Already on GitHub? Sign in to your account

StackOverflow when used with Flux #1823

Open
BioTurboNick opened this issue Sep 14, 2024 · 2 comments
Open

StackOverflow when used with Flux #1823

BioTurboNick opened this issue Sep 14, 2024 · 2 comments

Comments

@BioTurboNick
Copy link

I don't know where to begin for troubleshooting or making a minimal example. Or for a more specific title. First time trying Enzyme.

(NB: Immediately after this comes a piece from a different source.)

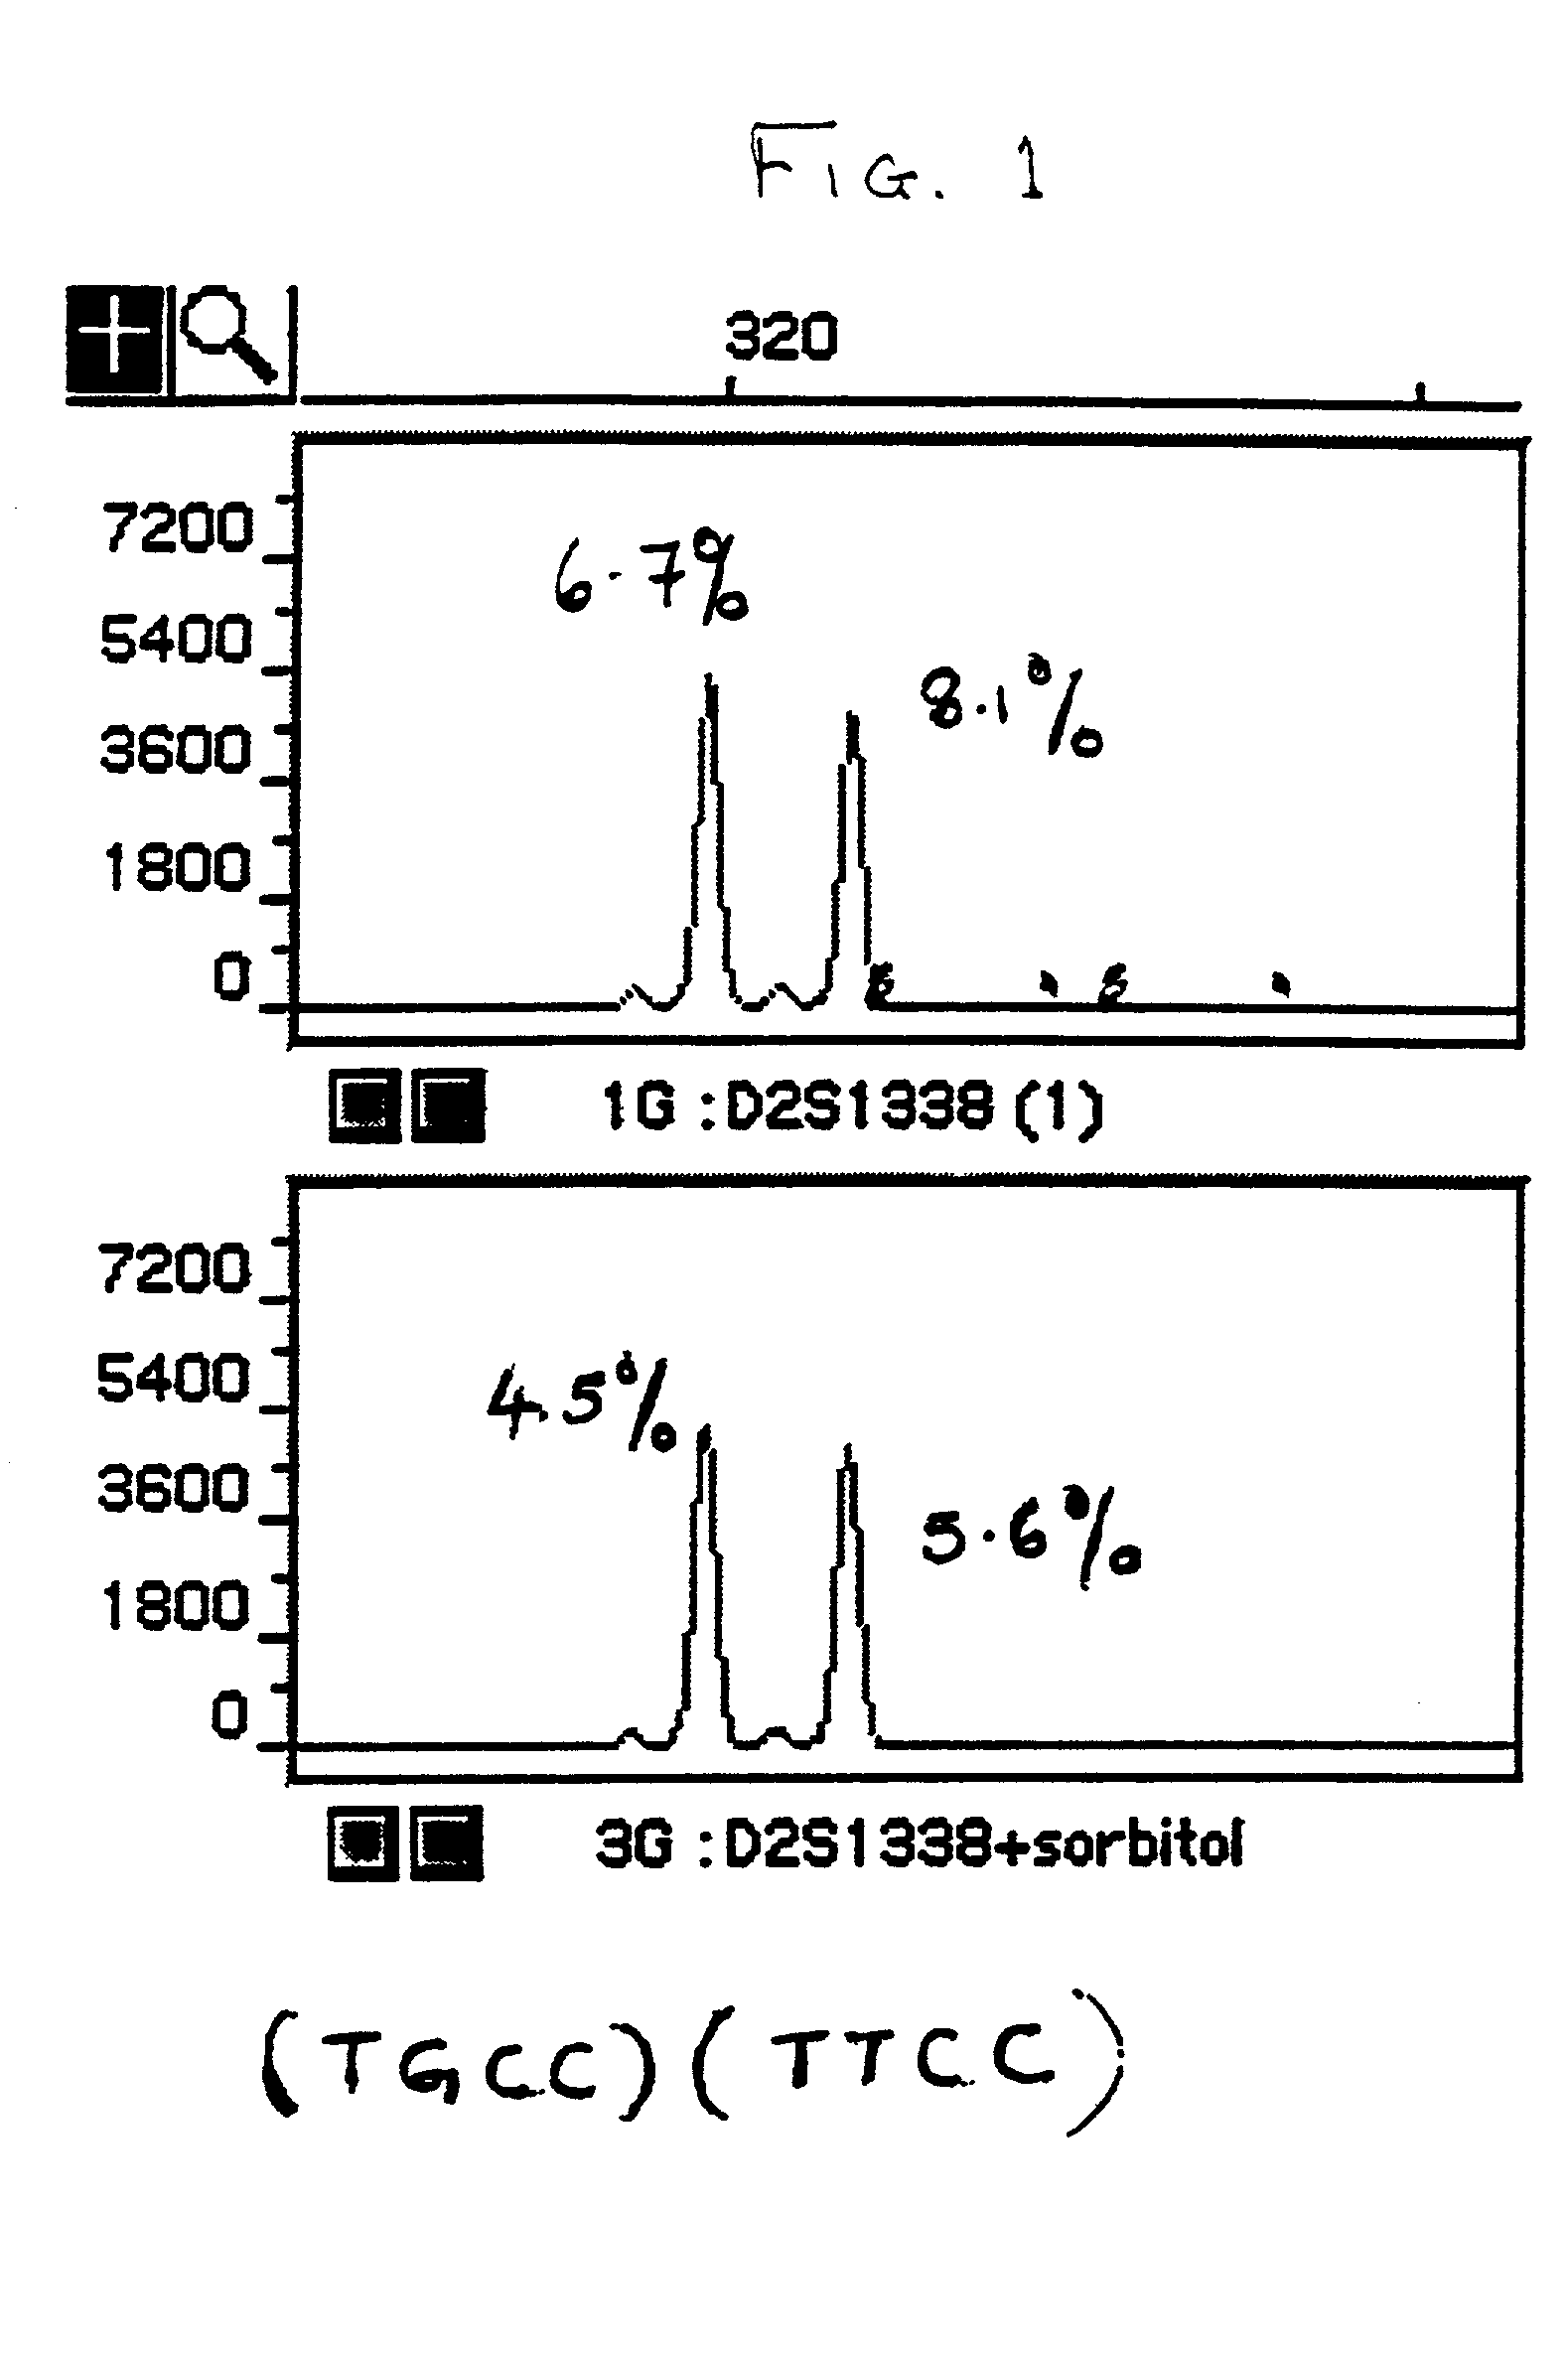 Methods for the reduction of stutter in microsatellite amplification

I changed the Flux train! function from:

Flux.train!(network, (training_data,), opt_state)

to:

Flux.train!(Duplicated(network, make_zero(network)), (training_data,), opt_state)

But I'm not sure if that's correct, documentation on this usage is a bit sparse.

Also not sure why I only have 22 frames shown.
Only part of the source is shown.